Im Vergleich zu konventionellen Inspektionsverfahren mit Industriekletter*innen, die meist 2-3 Tage in Anspruch nehmen, dauert eine thermografische Inspektion von Rotorblättern etwa zehn Minuten. Für diesen kurzen Zeitraum muss die Anlage noch nicht einmal stillgelegt werden. Die aufgenommenen Thermogramme werden anschließend mit komplexen Bildverarbeitungs- und KI-Algorithmen analysiert und dabei kleinste Temperaturunterschiede auf der Oberfläche der Rotorblätter registriert und markiert. Sie weisen auf Schadenereignisse hin. Durch die automatisierte Datenauswertung können Wartungs- und Reparaturarbeiten deutlich effizienter als bisher geplant werden. Zudem ist das Verfahren kostengünstiger. Das Inspektionsverfahren könnte sogar häufiger durchgeführt werden, um Schäden im Frühstadium zu erkennen und oberflächennah beheben, bevor tiefgreifende Reparaturen erforderlich werden. 

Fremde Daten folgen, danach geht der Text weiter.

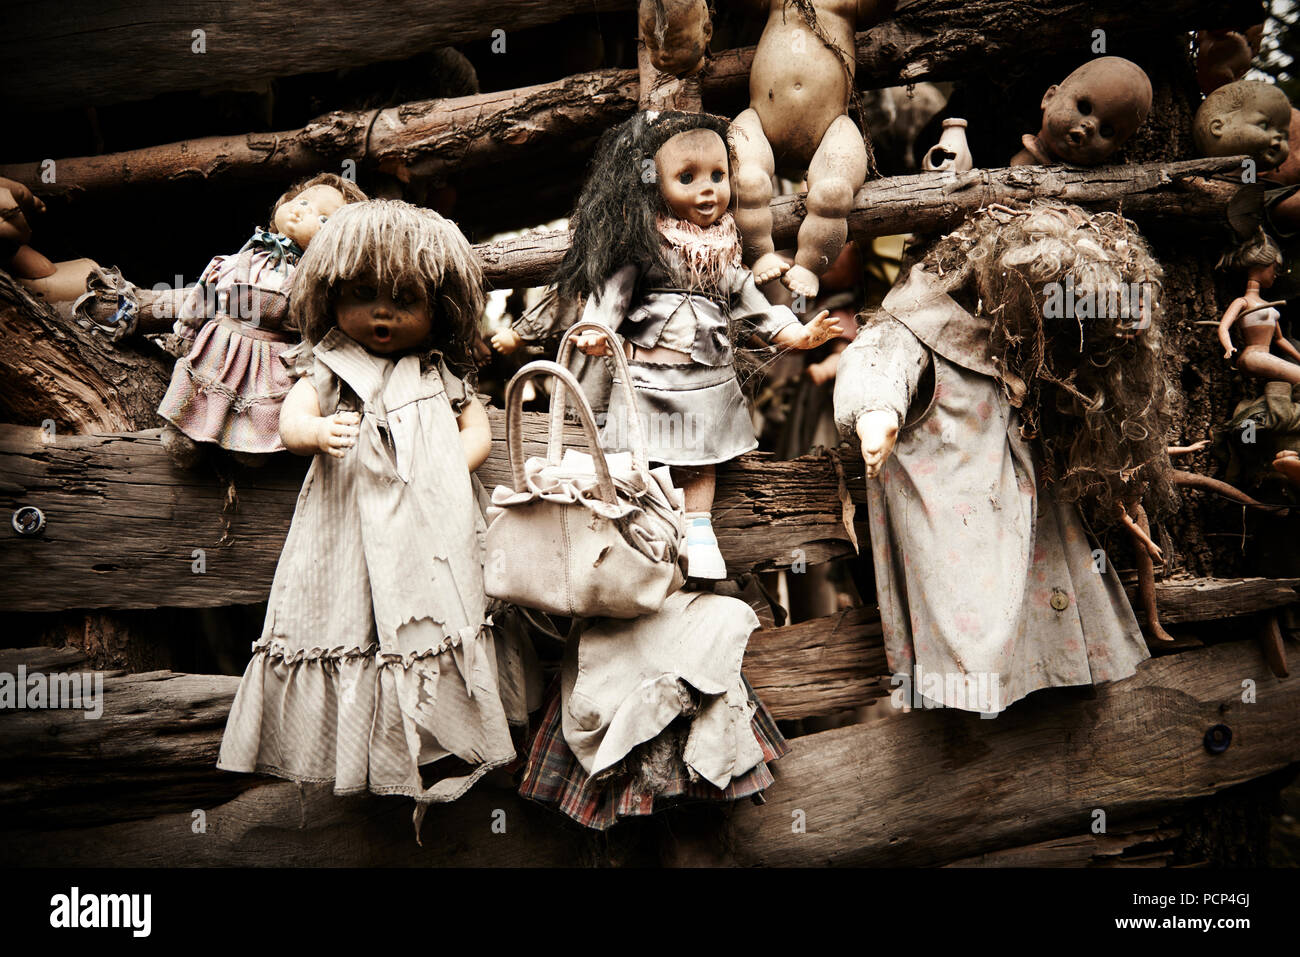 Dolls from La Isla de las Muñecas - The Island of the Dolls, Xochimilco  Mexico Stock Photo - Alamy

Die Diskussion konzentrierte sich im Folgenden auf die ökonomischen Rahmenbedingungen beim Betrieb von Windenergieanlagen. Danach ist eine hohe Preissensibilität bei Betreibern festzustellen. Zudem werden Ausfallzeiten nach dem EEG vergütet. Es gibt daher keine allzu großen Anreize, die Anlagen technisch zu optimieren. Die hohe Anzahl der Offshore-Anlagen wird die technische Überwachung vor logistische Herausforderungen stellen. Ein mit dem Workshop angedachter Wissenstransfer von Wissenschaft zu künftigen Anlagen ist in Gang gekommen, so Michael Stamm, Projektleiter beim BAM . Allein bei der Produktion von Rotorblättern lassen sich schon durch eine stringende Qualitätskontrolle bei der Abnahme Verbesserungen erzielen. Auch die Versicherungsunternehmen sollten künftig eine stärkere Rolle in der Vernetzung von Herstellern, Betreibern, Wissenschaft und Technischen Überwachungsdiensten spielen. Sie verfügen einen umfassenden Datensatz von Schäden und Beschädigungen, die auch für die wissenschaftliche Erforschung von enormer Bedeutung sein können. Ein weiterer Workshop zum Thema Wissenstransfer ist in Planung.